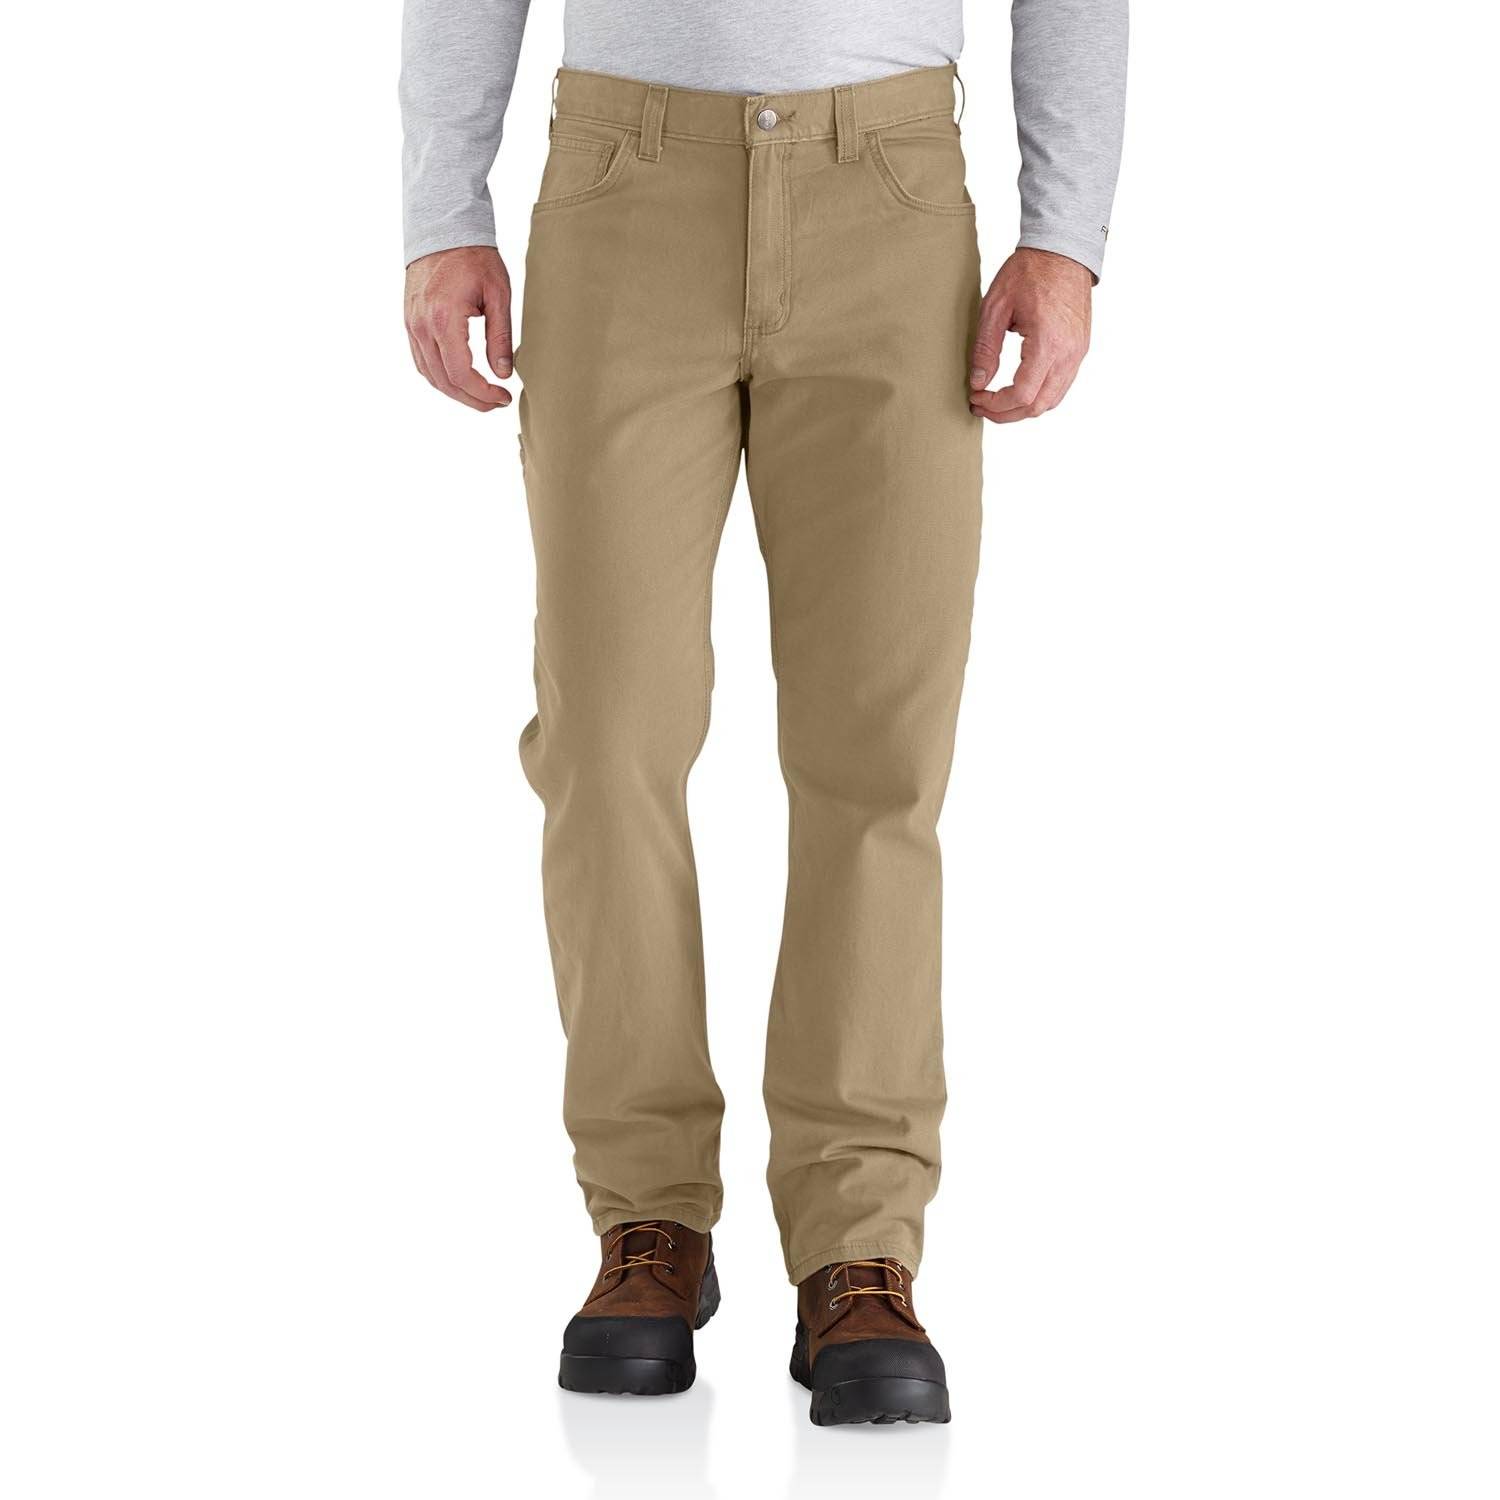 CARHARTT RUGGED FLEX RELAXED FIT CANVAS 5-POCKET WORK PANTS
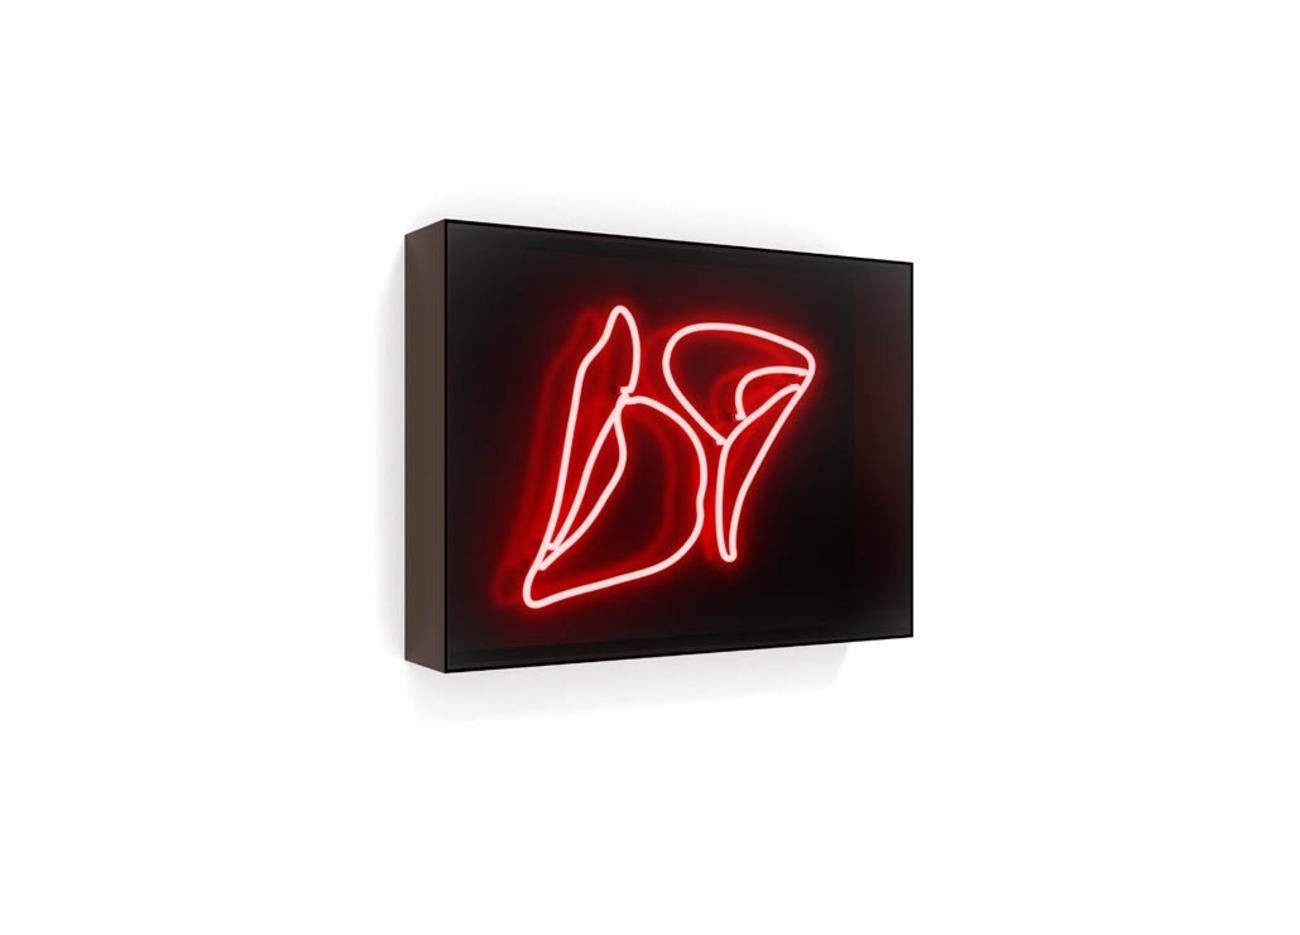 Series: Neon
30" x 40" x 6" - Edition of 9

Disarmingly blunt and intensely intimate, David Drebin's neon light installations illuminate hidden aspirations and secret thoughts of the femmes fatales who inhabit the elusive world of his iconic
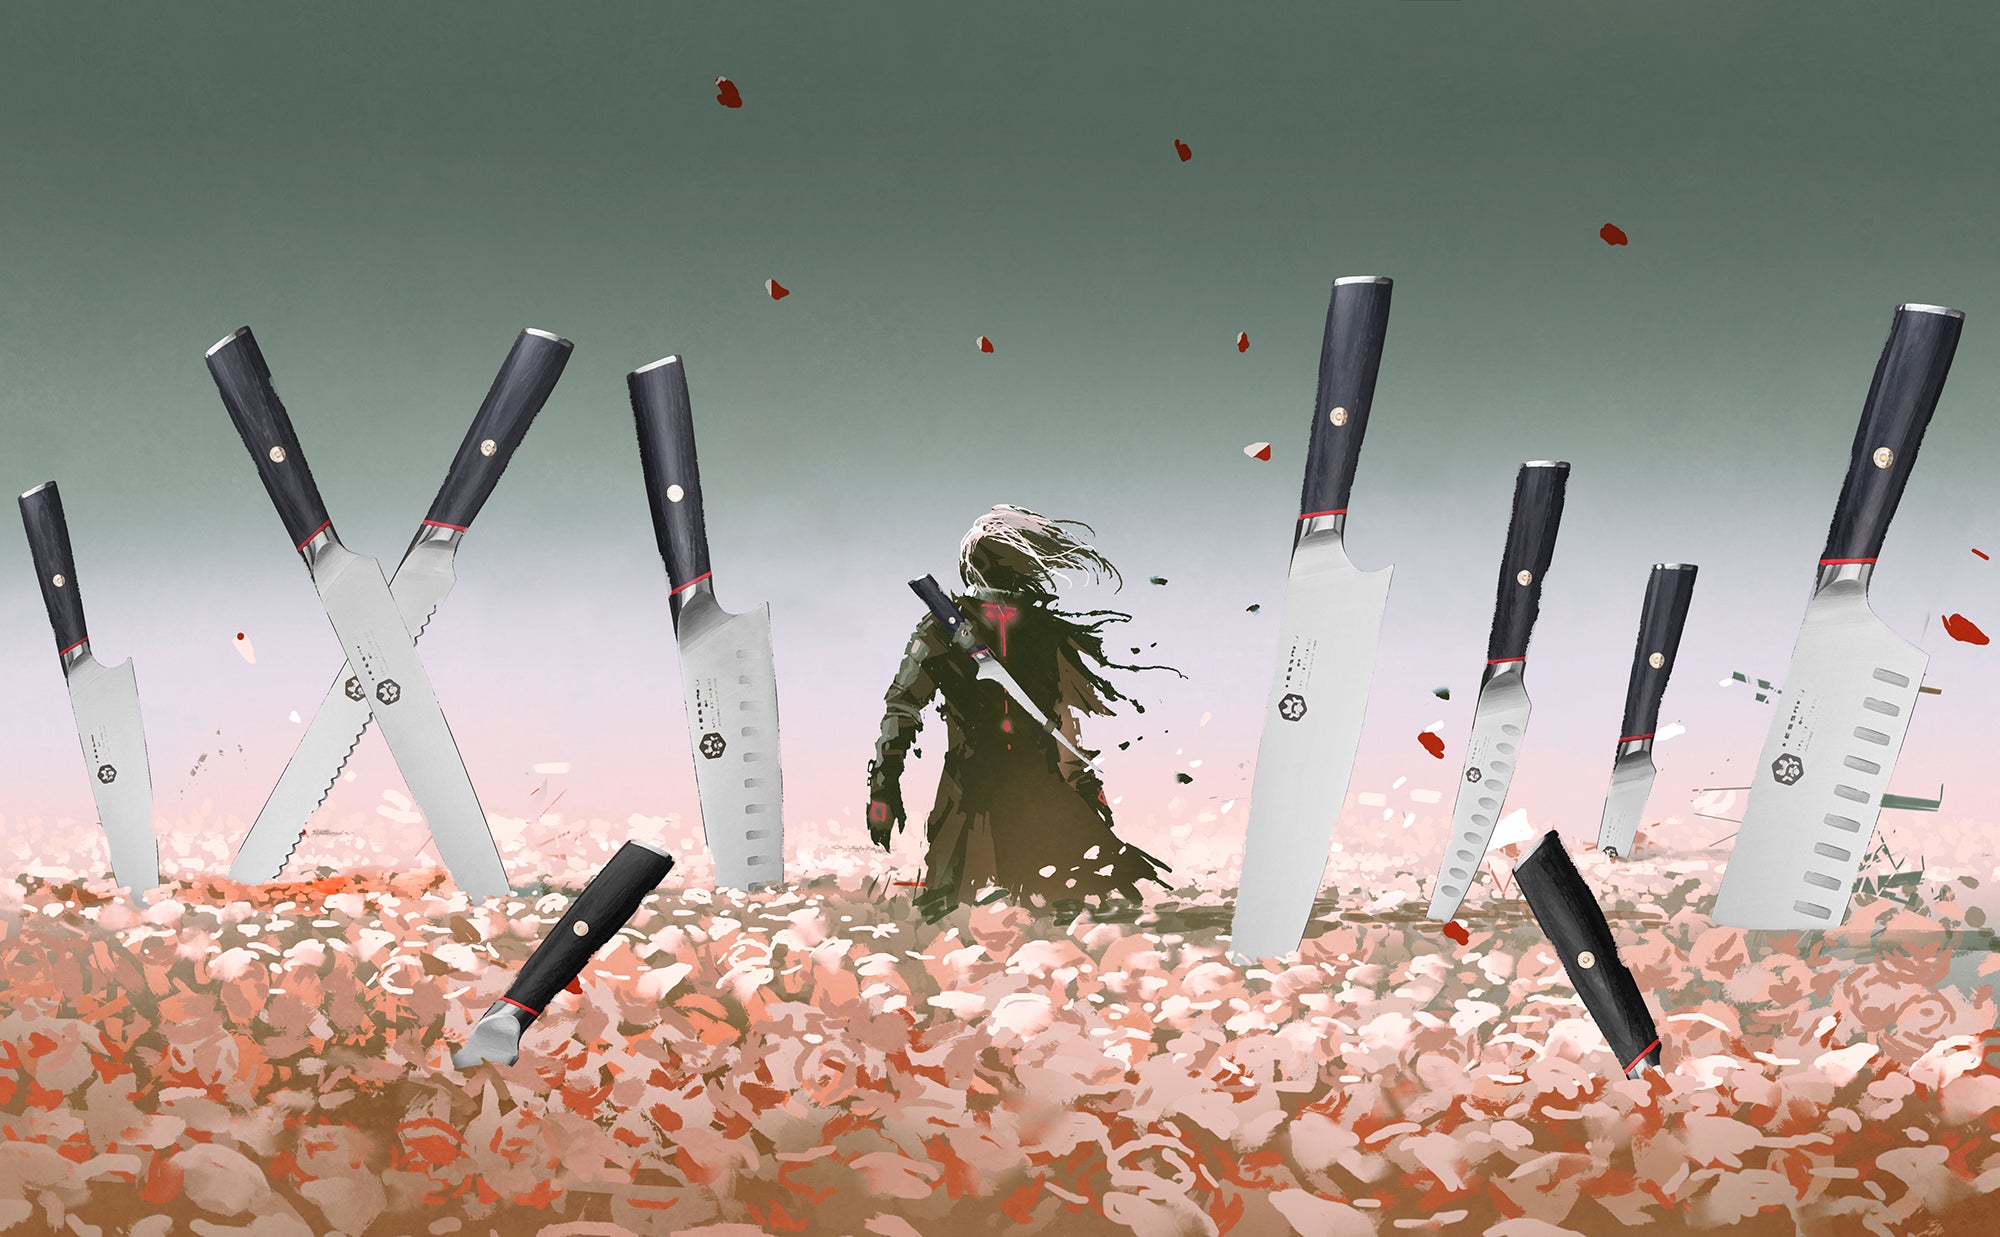 An illustration of a Samurai warrior in a cherry blossom covered field with the Spectre Series Knives piercing the ground.
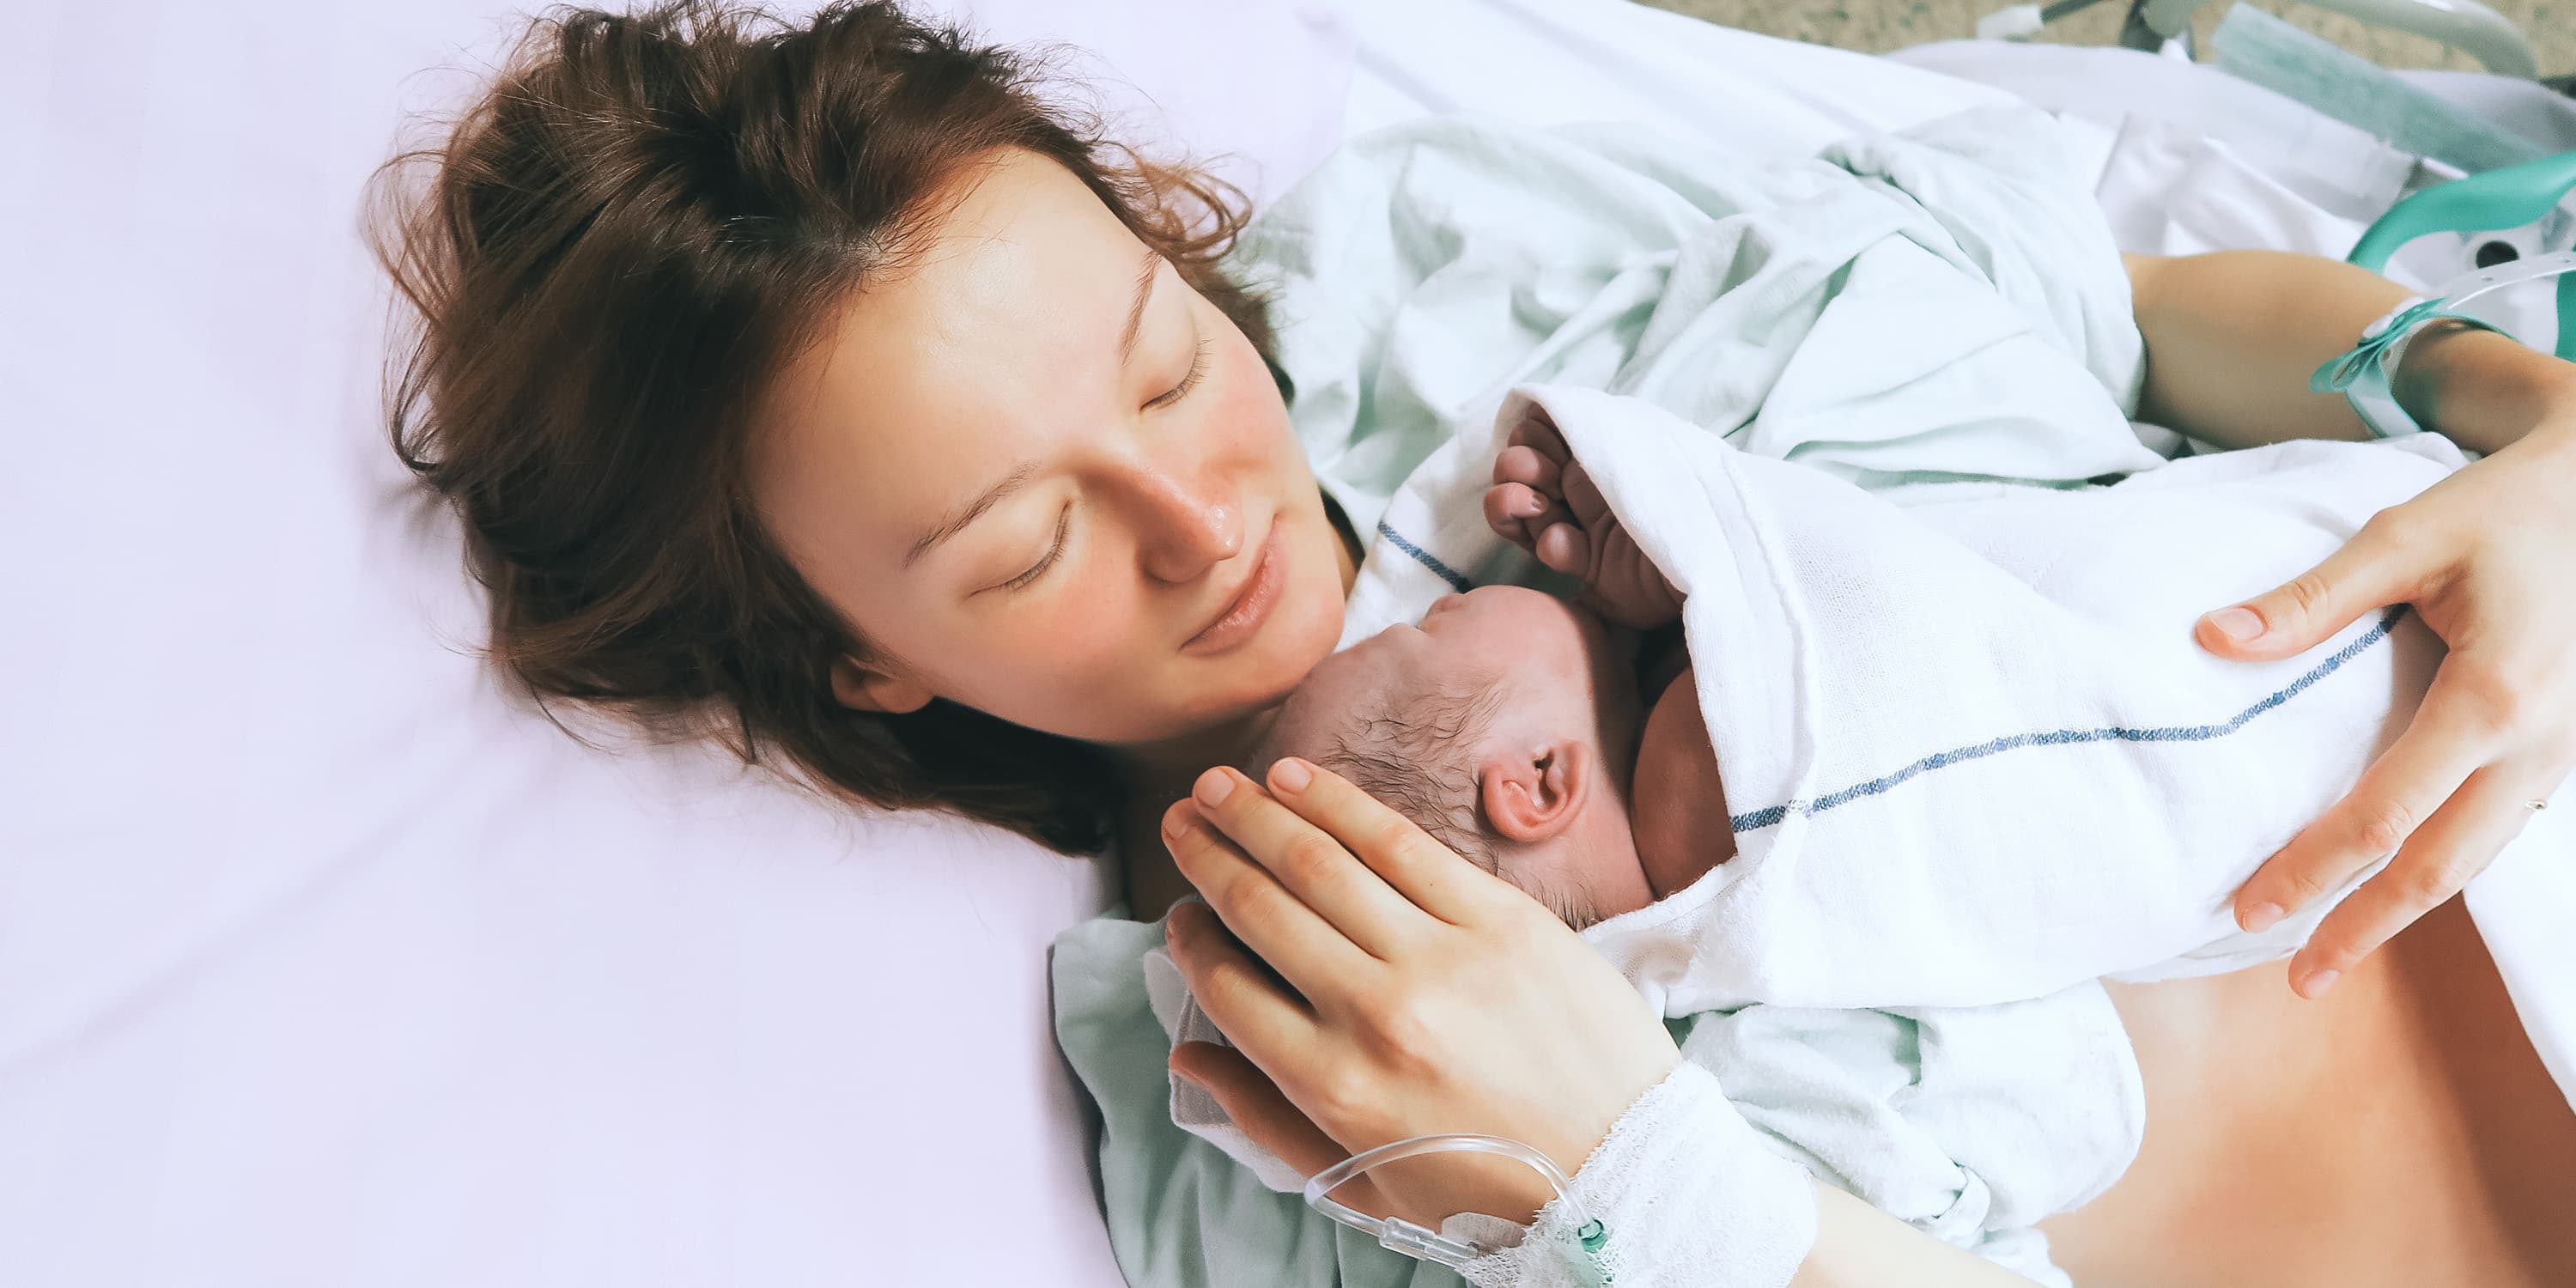 Woman lying in hospital bed holding her newborn baby in her arms

________

WHAT YOU WILL DO
Repeat every entry exactly, but leave out the pictures.

THE COMPLETED TASK
 CARHARTT RUGGED FLEX RELAXED FIT CANVAS 5-POCKET WORK PANTS
 Series: Neon
30" x 40" x 6" - Edition of 9

Disarmingly blunt and intensely intimate, David Drebin's neon light installations illuminate hidden aspirations and secret thoughts of the femmes fatales who inhabit the elusive world of his iconic
 An illustration of a Samurai warrior in a cherry blossom covered field with the Spectre Series Knives piercing the ground.
 Woman lying in hospital bed holding her newborn baby in her arms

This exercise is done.